**EXERCISE BRIEF:** Write out the lines of the material below exactly, beginning at the line with "back as 1150 😯" and stopping after the line with "Traditionally served with", and leave out the pictures.

**EXERCISE DATA:**
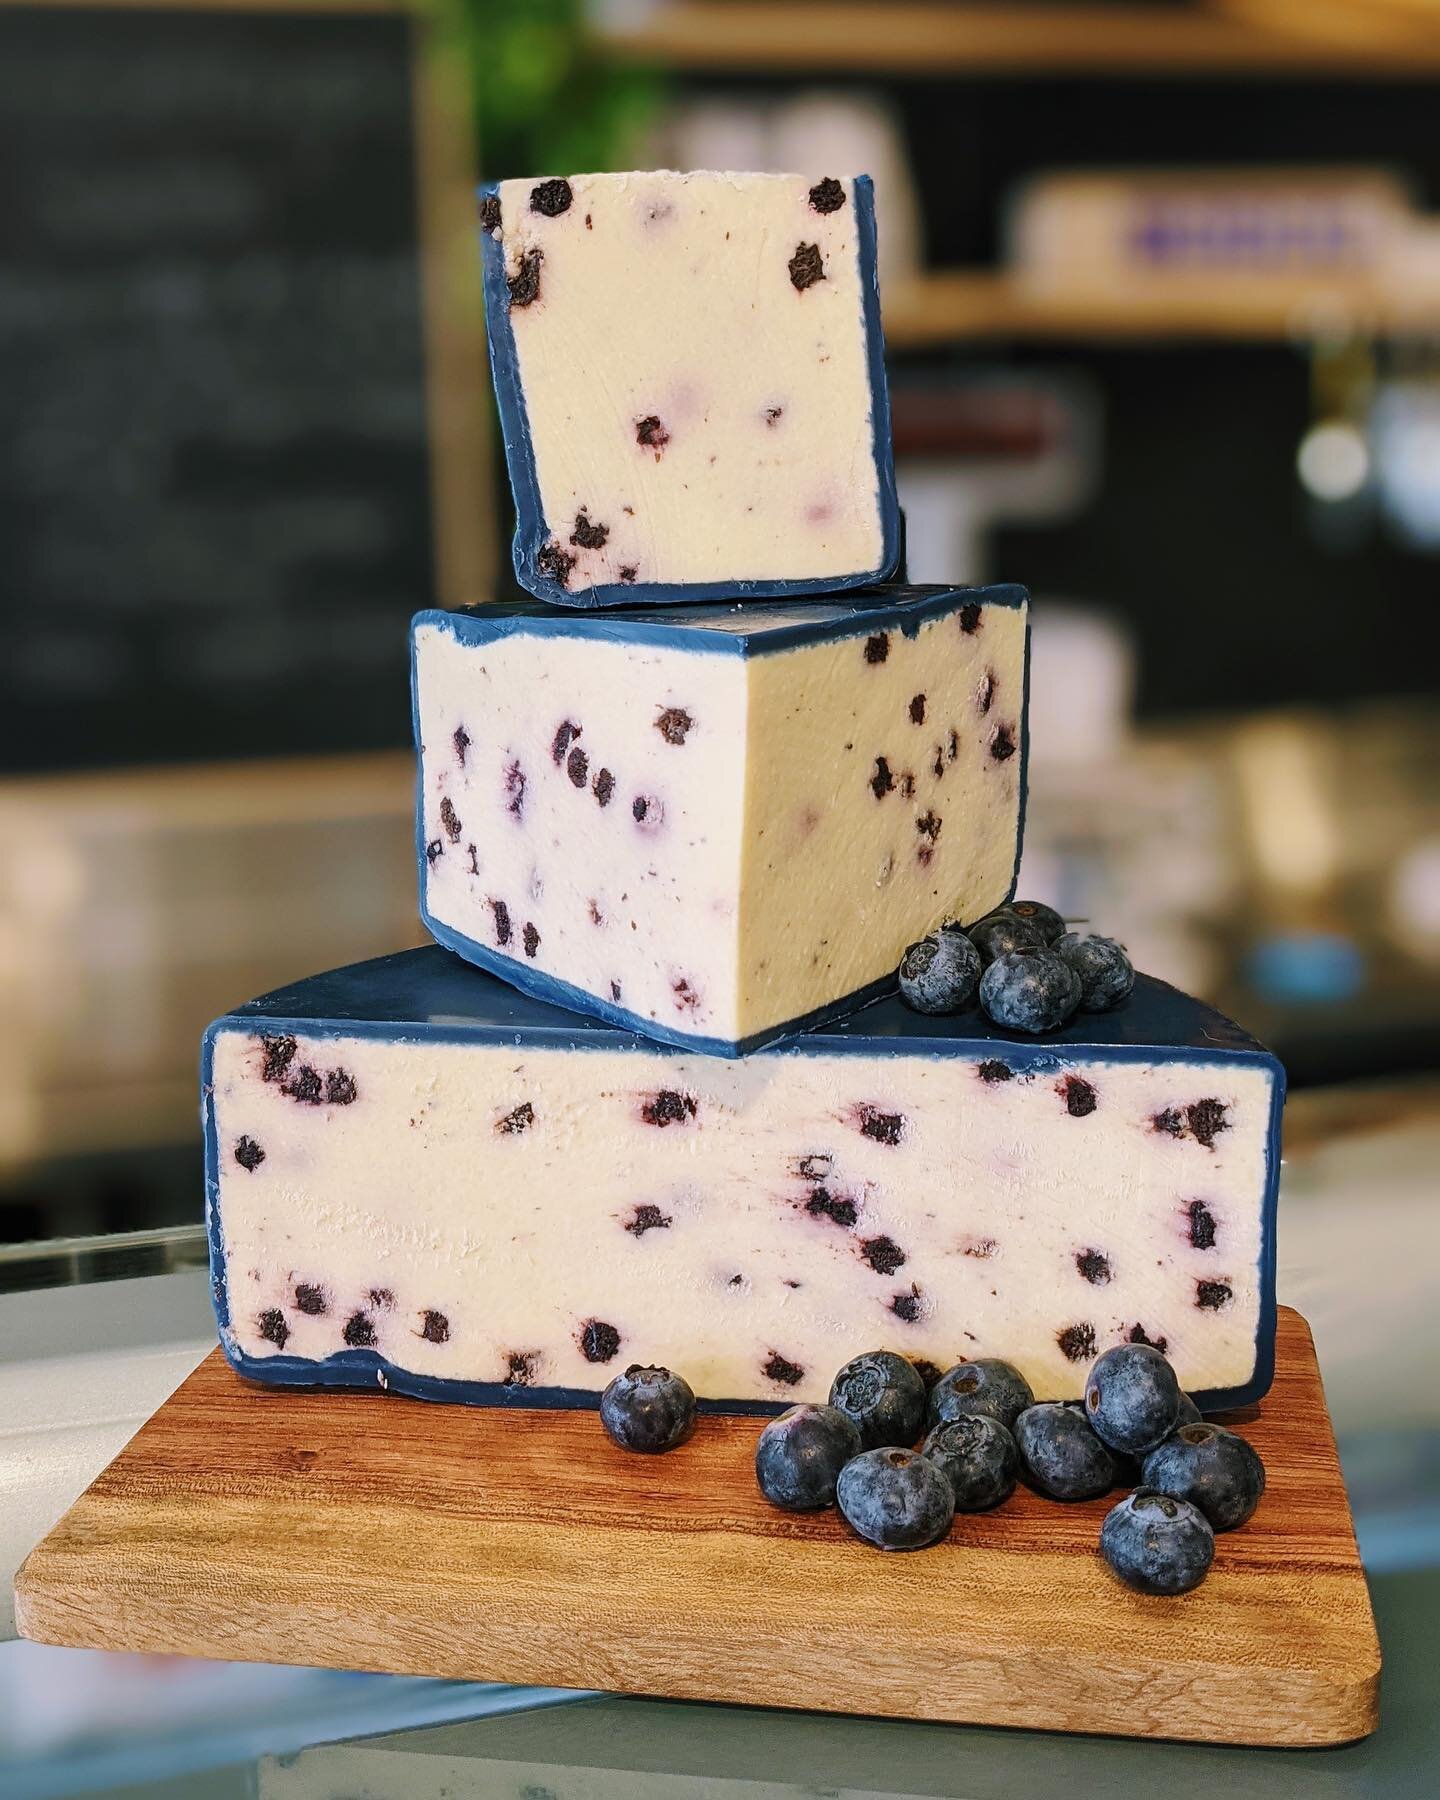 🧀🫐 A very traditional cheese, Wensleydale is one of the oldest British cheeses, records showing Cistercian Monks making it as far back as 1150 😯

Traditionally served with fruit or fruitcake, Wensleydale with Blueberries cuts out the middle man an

==

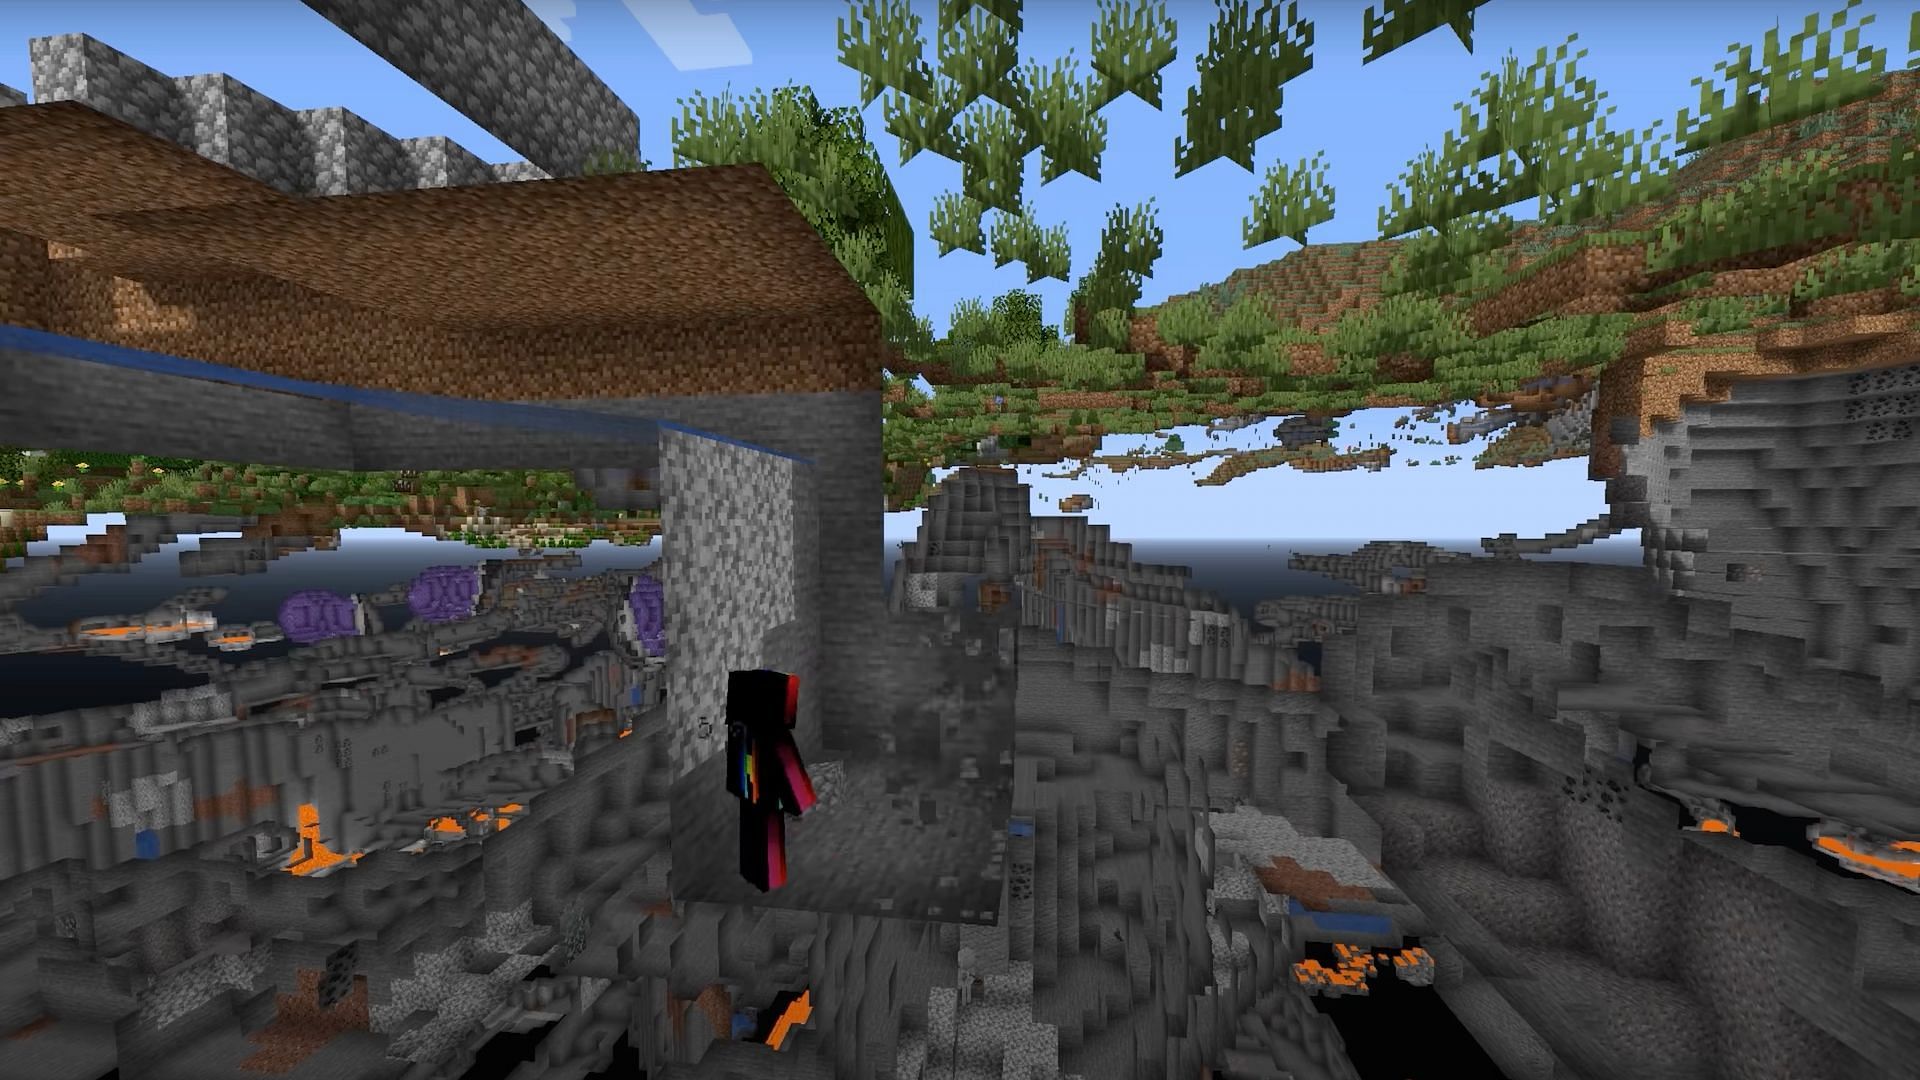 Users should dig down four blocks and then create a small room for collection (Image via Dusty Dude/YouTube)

**SOLUTION TO THIS EXERCISE:**
 🧀🫐 A very traditional cheese, Wensleydale is one of the oldest British cheeses, records showing Cistercian Monks making it as far back as 1150 😯

Traditionally served with fruit or fruitcake, Wensleydale with Blueberries cuts out the middle man an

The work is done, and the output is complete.